2

I'm trying to numerically solve the following transcendental equation:

$$(\alpha x + \beta)=\delta e^{\gamma x}$$

with $\alpha$, $\beta$, $\gamma$ and $\delta$ real, positive constants. It is equivalent to finding the intersection between the line $y=(\alpha x + \beta)$ and the exponential function $y=\delta e^{\gamma x}$. For a proper choice of the constants, this equation should have two solutions. Graphically, one can verify that, in case it has solutions, the solutions could be found by a "successive approximation" process. However,

$$ x = \frac{\delta}{\alpha}e^{\gamma x}-\frac{\beta}{\alpha}$$

does not seems to me to be a contraction. How could I show that a "successive approximation" process could be convergent for the above?

Thank you very much in advance.

Vitality
  • 378

2 Answers2

1

The only general procedure that is a contraction sufficiently close to the solution is the Newton's method.

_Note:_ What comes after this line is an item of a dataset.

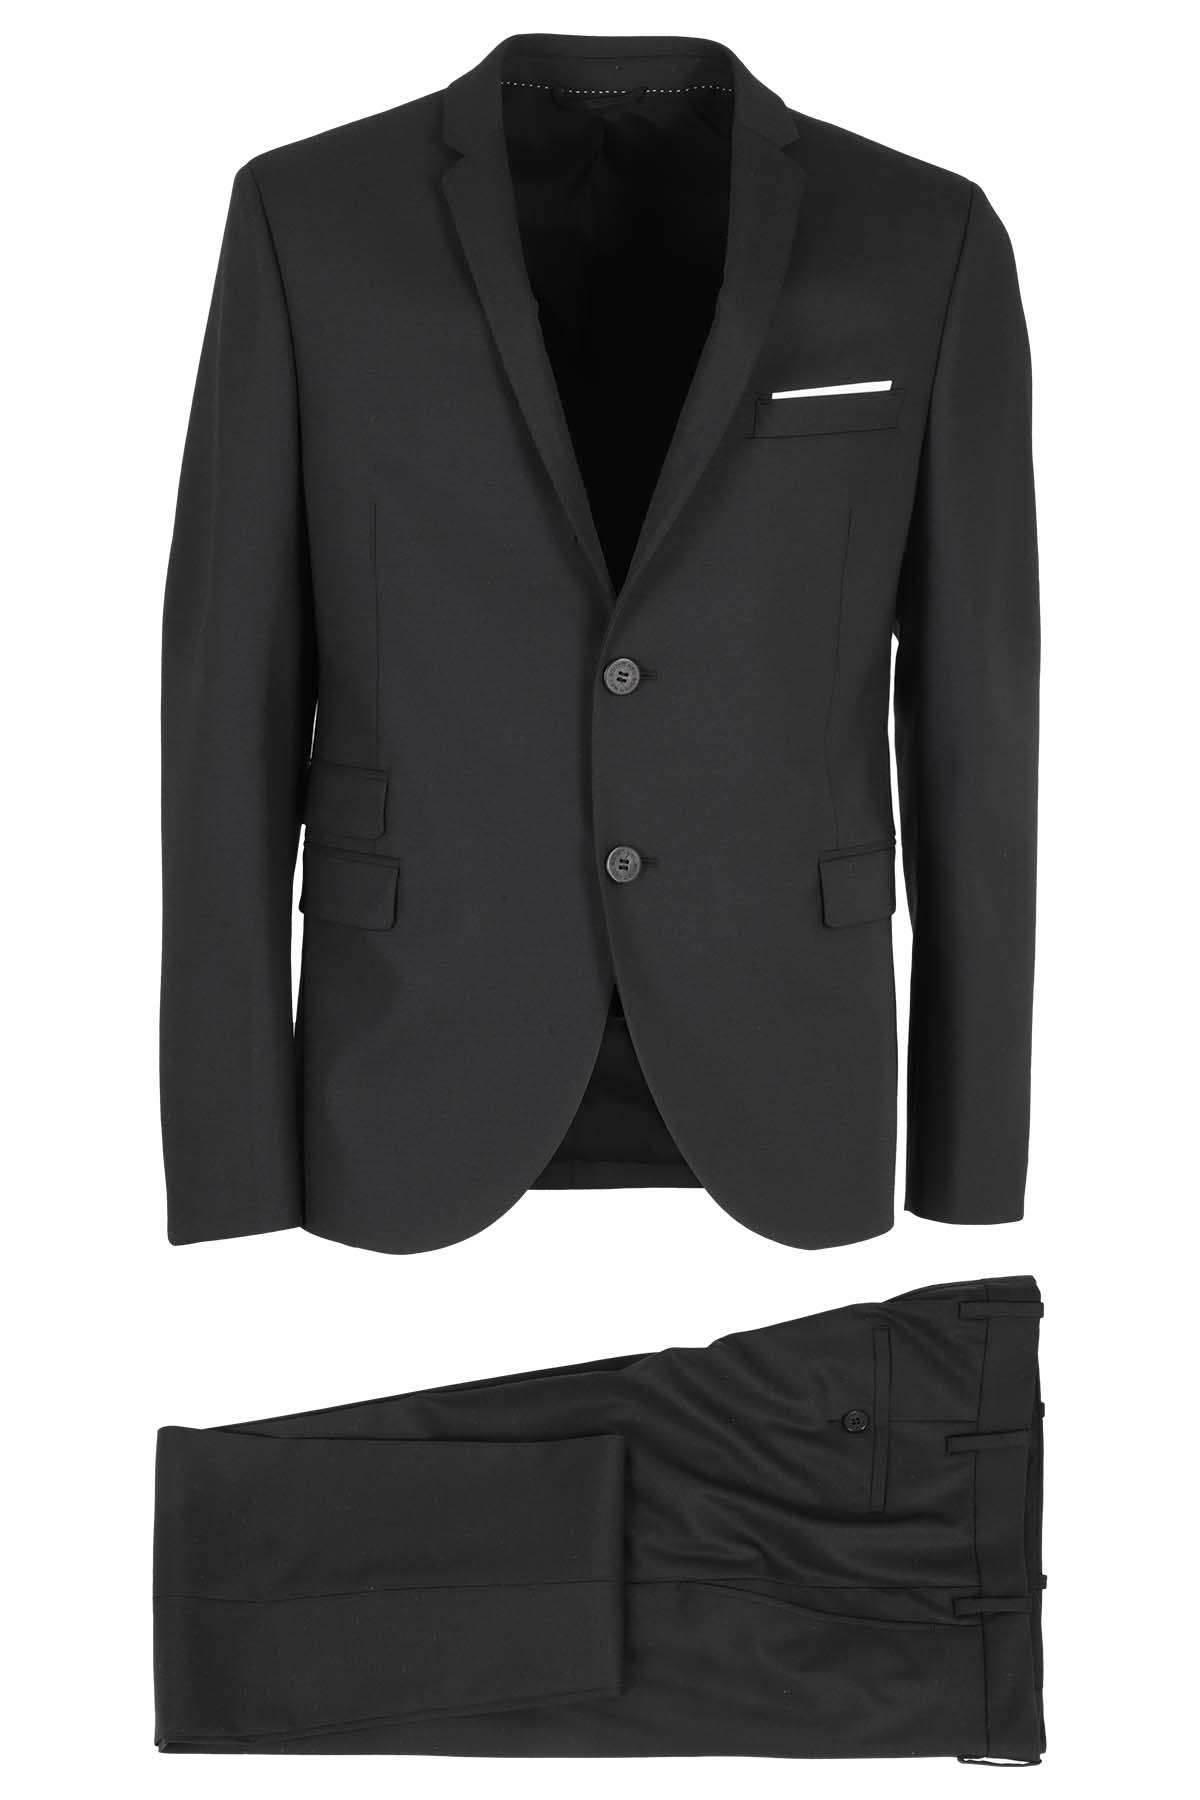 Neil Barrett Slim Lined Suit

The method gives the contraction:

$$x-\frac{\delta\,{e}^{x\,\gamma}-\alpha\,x-\beta}{\delta\,\gamma\,{e}^{x\,\gamma}-\alpha}$$

To derive the above formula, let $$ f(x) = \alpha x + \beta - \delta e^{\gamma x}$$ and you are looking for $f=0$.

Newton's method gives $$ x_{n+1} = x_n - \frac{f(x_n)}{f'(x_n)} $$

Newton makes no guarantees though. If the problem is well posed in the sense that the solution is not a critical point (i.e. $f'=0$ at the solution) then one can be reasonably sure that the method will give the solution if you start with a good initial guess. Refer to any standard text on numerical analysis for more.

user44197
  • 9,730
0

From my numerical analisys text:

If $g(x)$ is continous on $[a,b]$ an $g(x) \in [a,b] \ \ \forall x \in [a,b]$ then $g$ has a fixed point, i.e. $g(x)= x$ for some $x \in [a,b]$. If furthermore $|g'(x)|<1 \ \forall x\in (a,b)$ then the fixed point is unique.

you already have that $g(x) = \frac{\delta}{\alpha}e^{\gamma x}-\frac{\beta}{\alpha}$ is continus, so you just have to show that $g(x) \in [a,b]$

matias
  • 322